■ SUPPLIED MATERIAL
_____

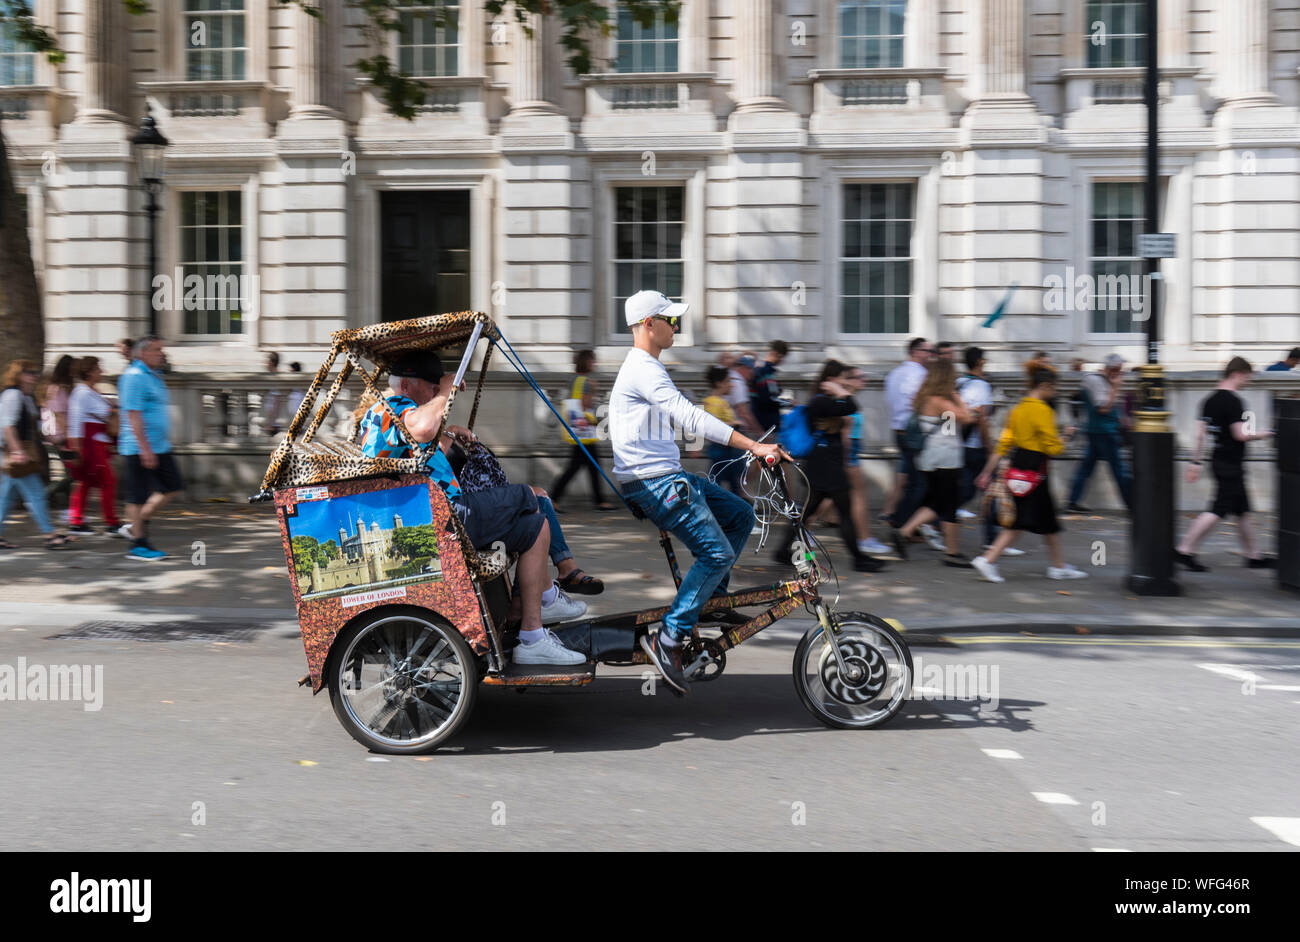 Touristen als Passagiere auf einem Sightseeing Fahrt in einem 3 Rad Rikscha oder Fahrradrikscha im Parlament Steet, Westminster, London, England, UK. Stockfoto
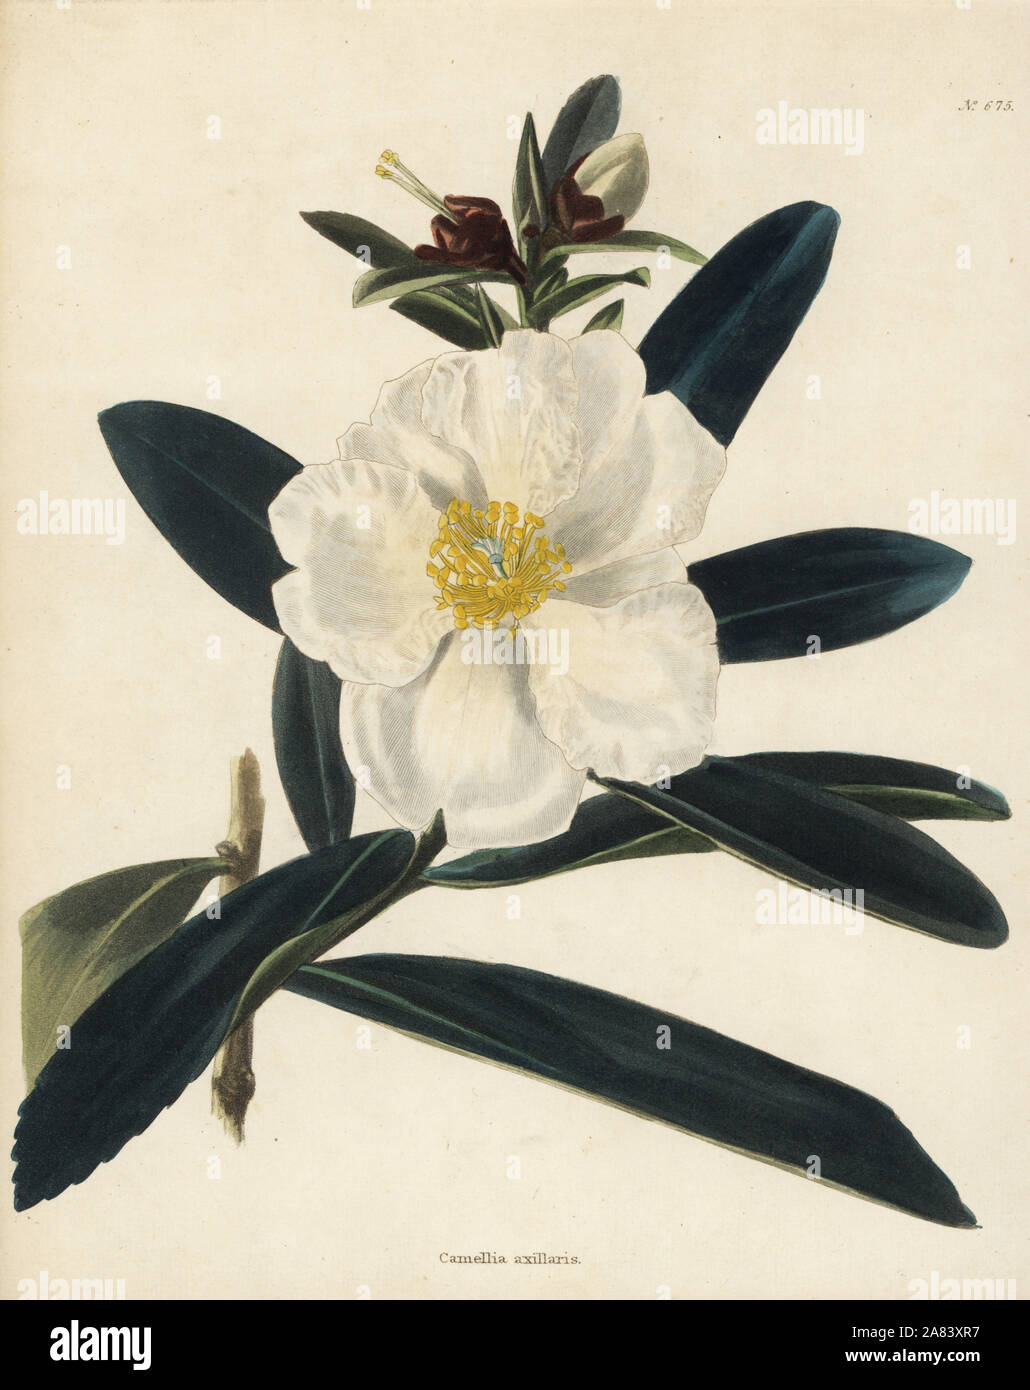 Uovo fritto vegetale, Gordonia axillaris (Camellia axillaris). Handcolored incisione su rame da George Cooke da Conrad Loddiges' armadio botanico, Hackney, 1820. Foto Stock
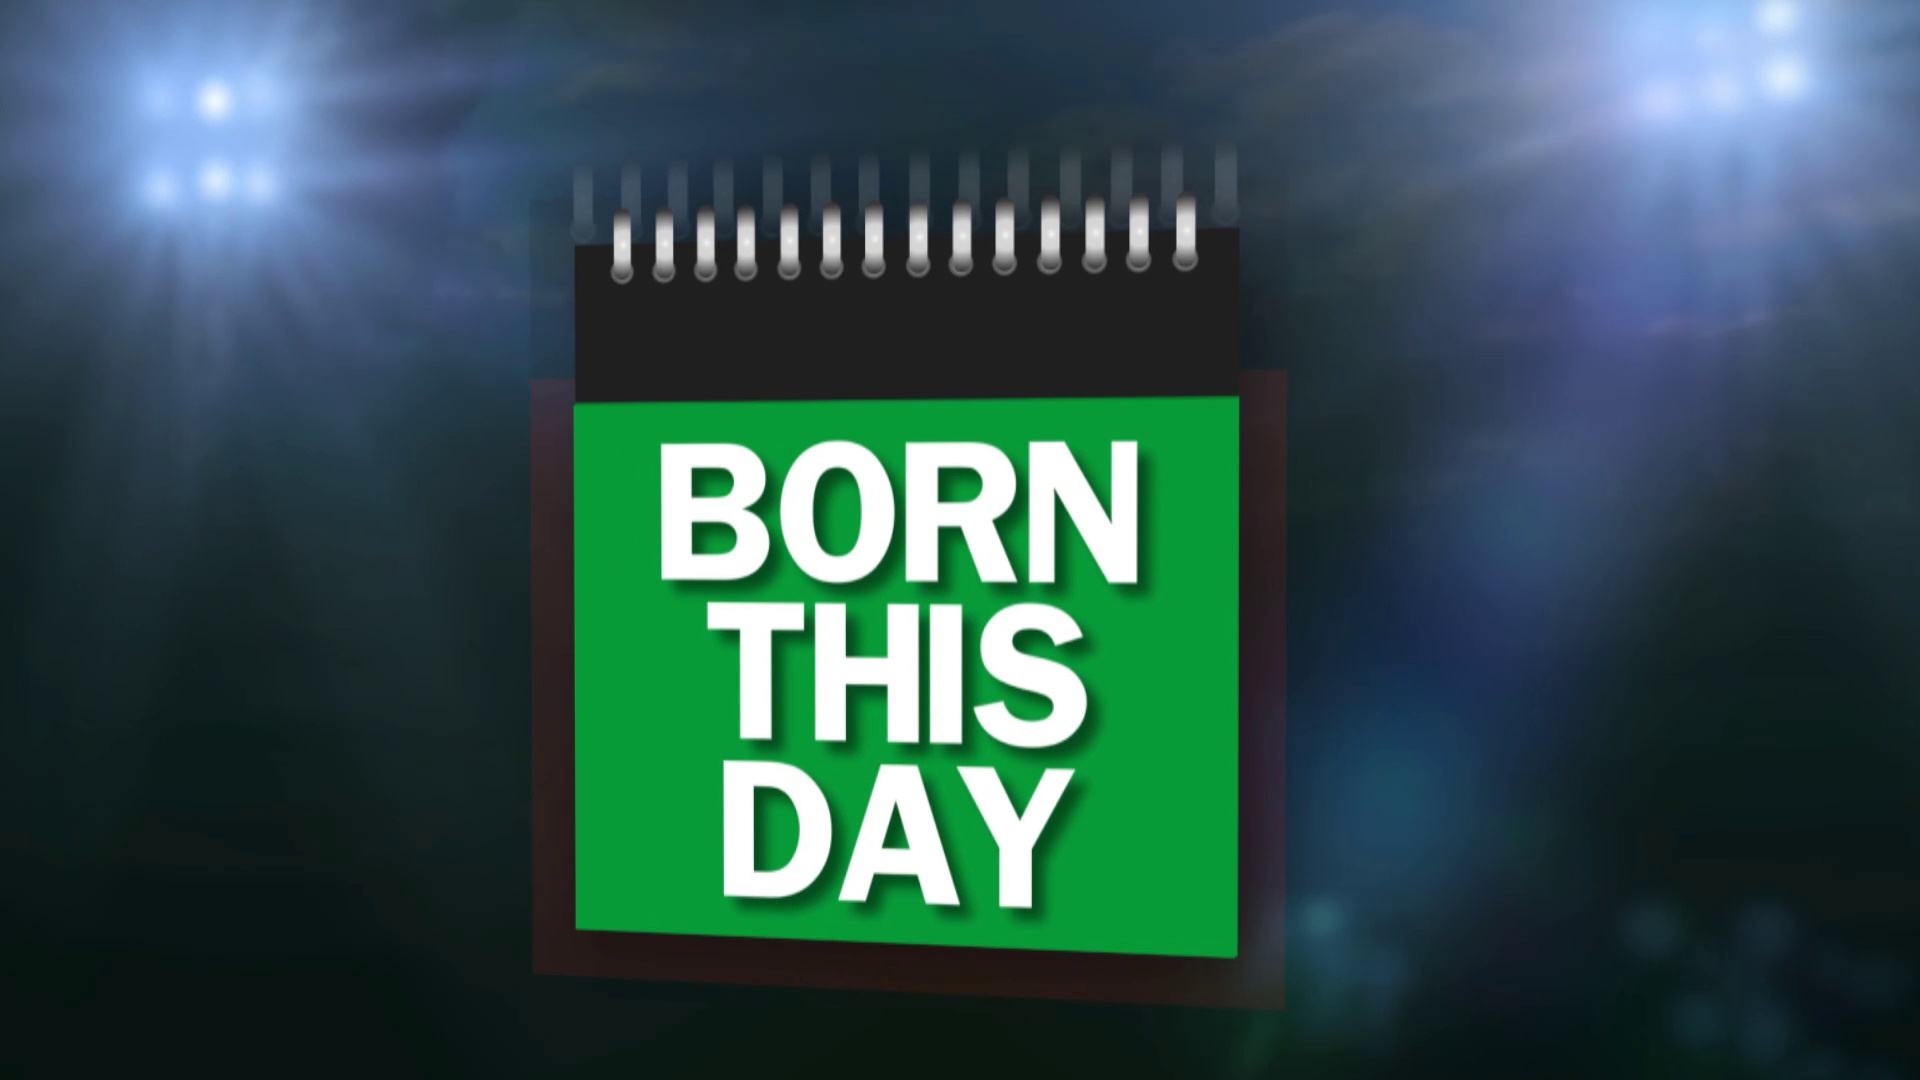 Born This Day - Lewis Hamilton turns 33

_____

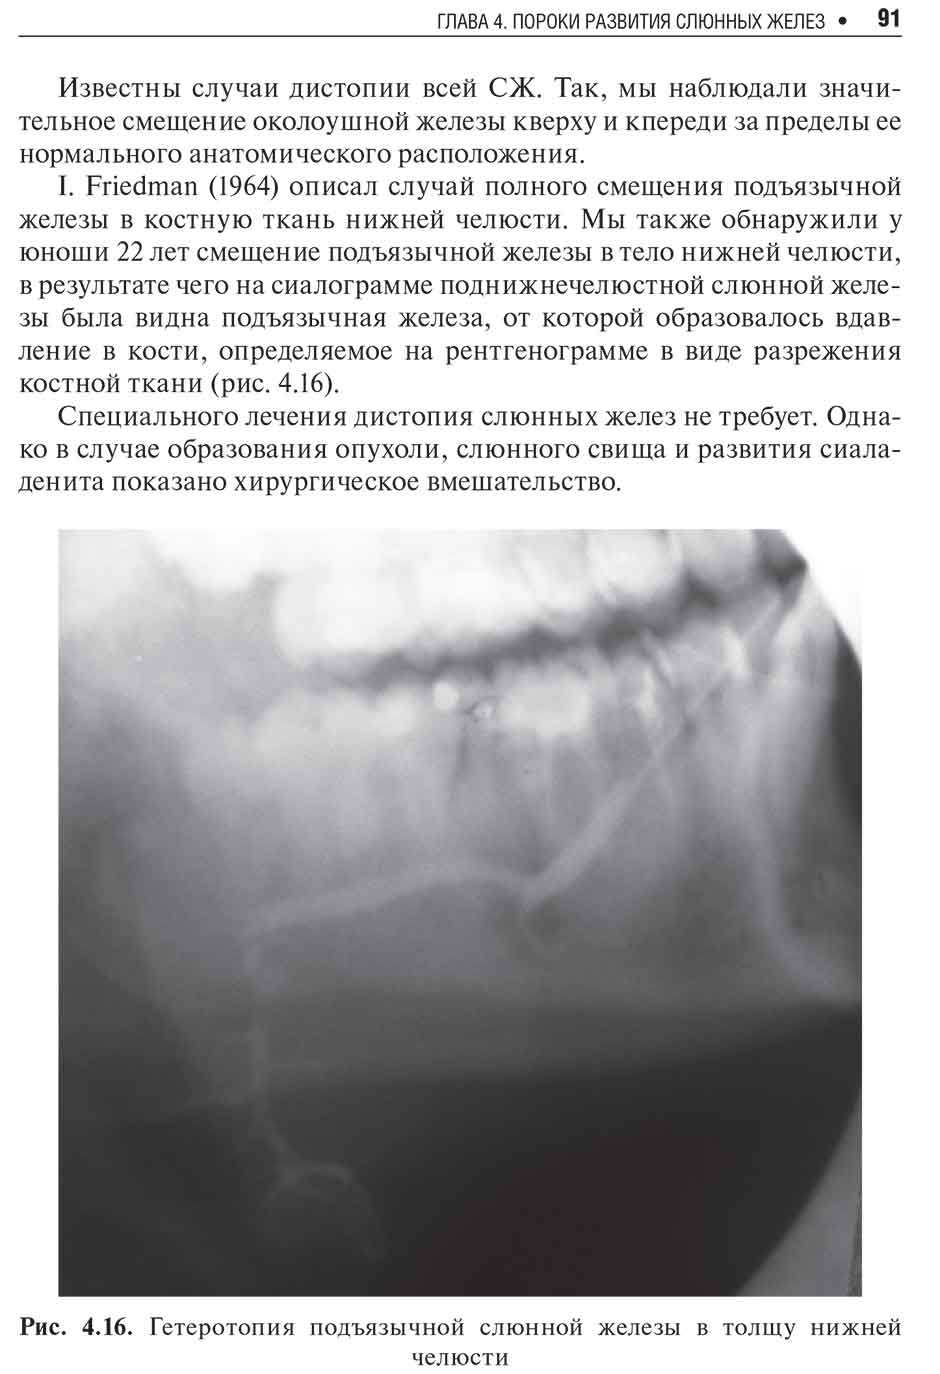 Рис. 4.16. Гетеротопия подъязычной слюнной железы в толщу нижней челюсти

_____

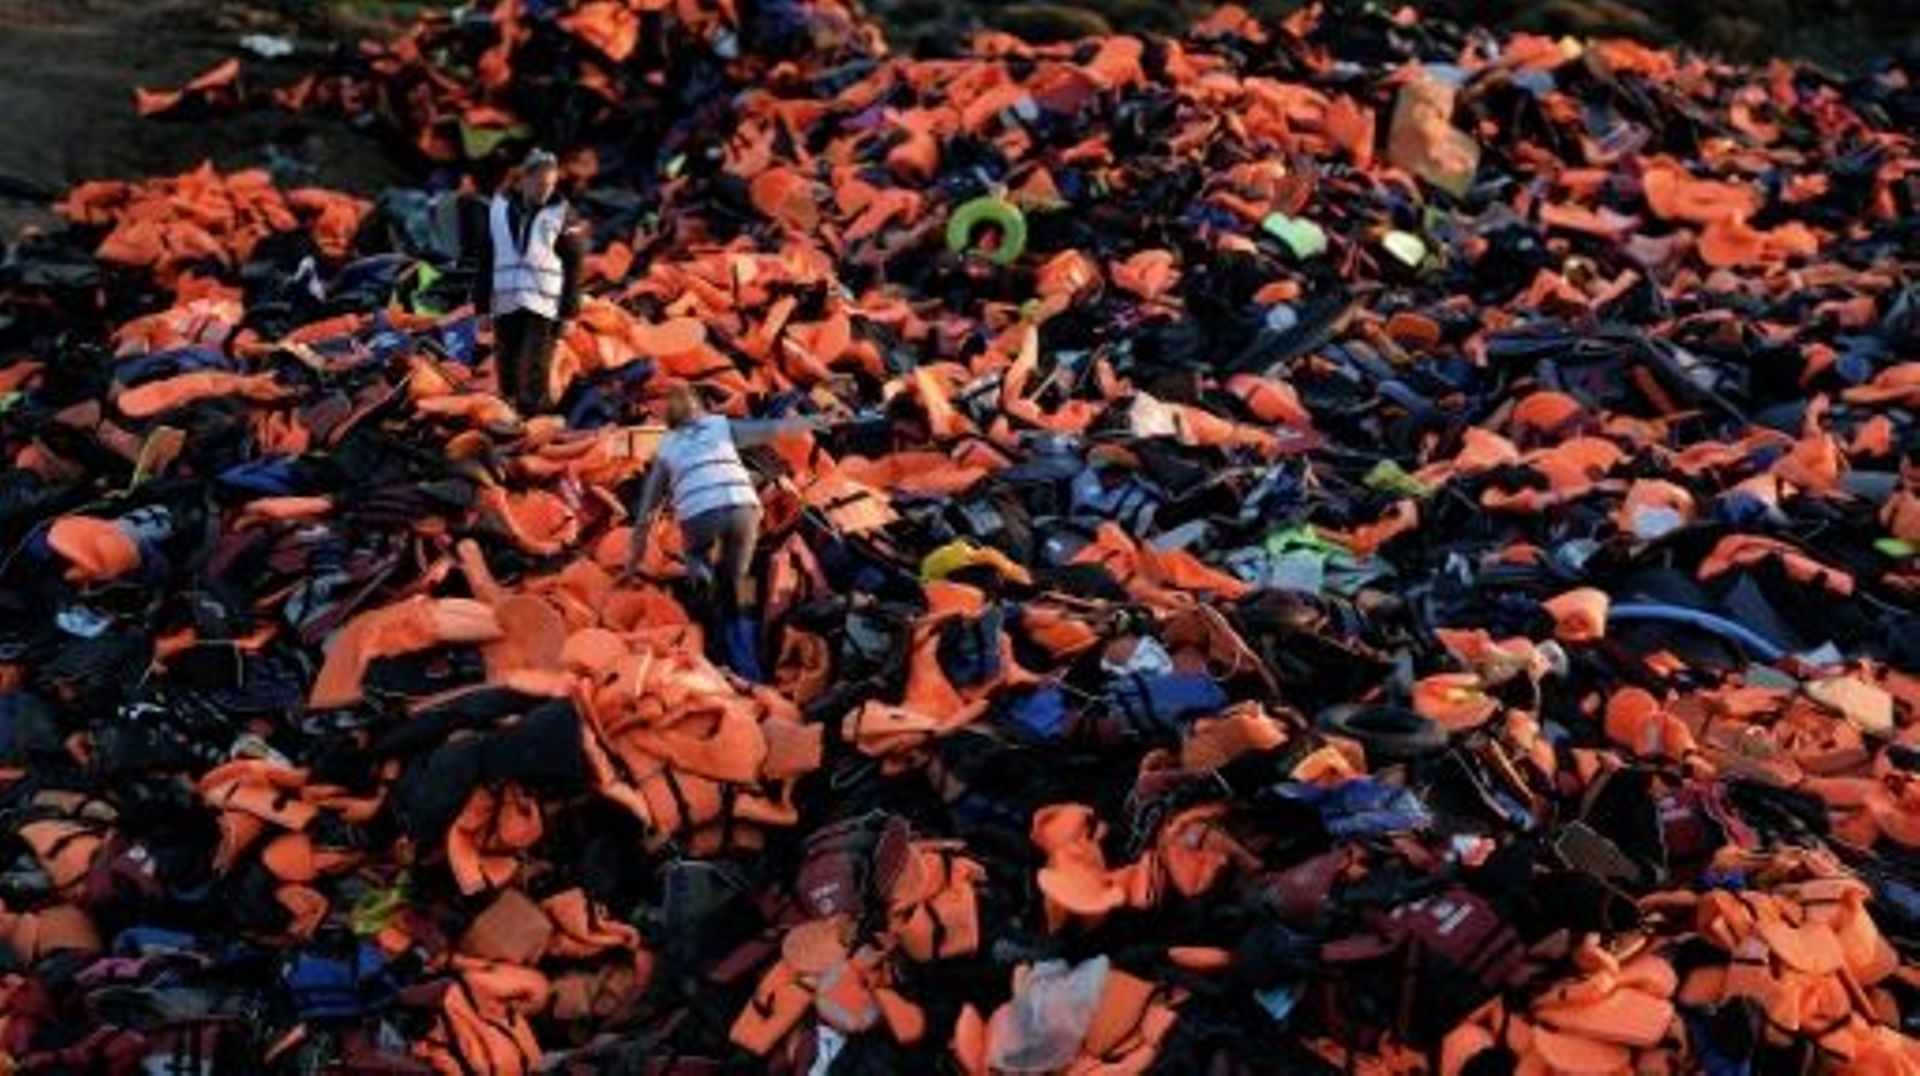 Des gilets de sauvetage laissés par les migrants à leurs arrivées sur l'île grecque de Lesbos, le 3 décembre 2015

_____

Nothing except the lines from the one containing "Touristen als Passagiere" through the one containing "Born This Day - Lewis Hamilton turns 33" should appear in the answer, exactly as above and without pictures.

■ ANSWER SPACE
 Touristen als Passagiere auf einem Sightseeing Fahrt in einem 3 Rad Rikscha oder Fahrradrikscha im Parlament Steet, Westminster, London, England, UK. Stockfoto
 Uovo fritto vegetale, Gordonia axillaris (Camellia axillaris). Handcolored incisione su rame da George Cooke da Conrad Loddiges' armadio botanico, Hackney, 1820. Foto Stock
 Born This Day - Lewis Hamilton turns 33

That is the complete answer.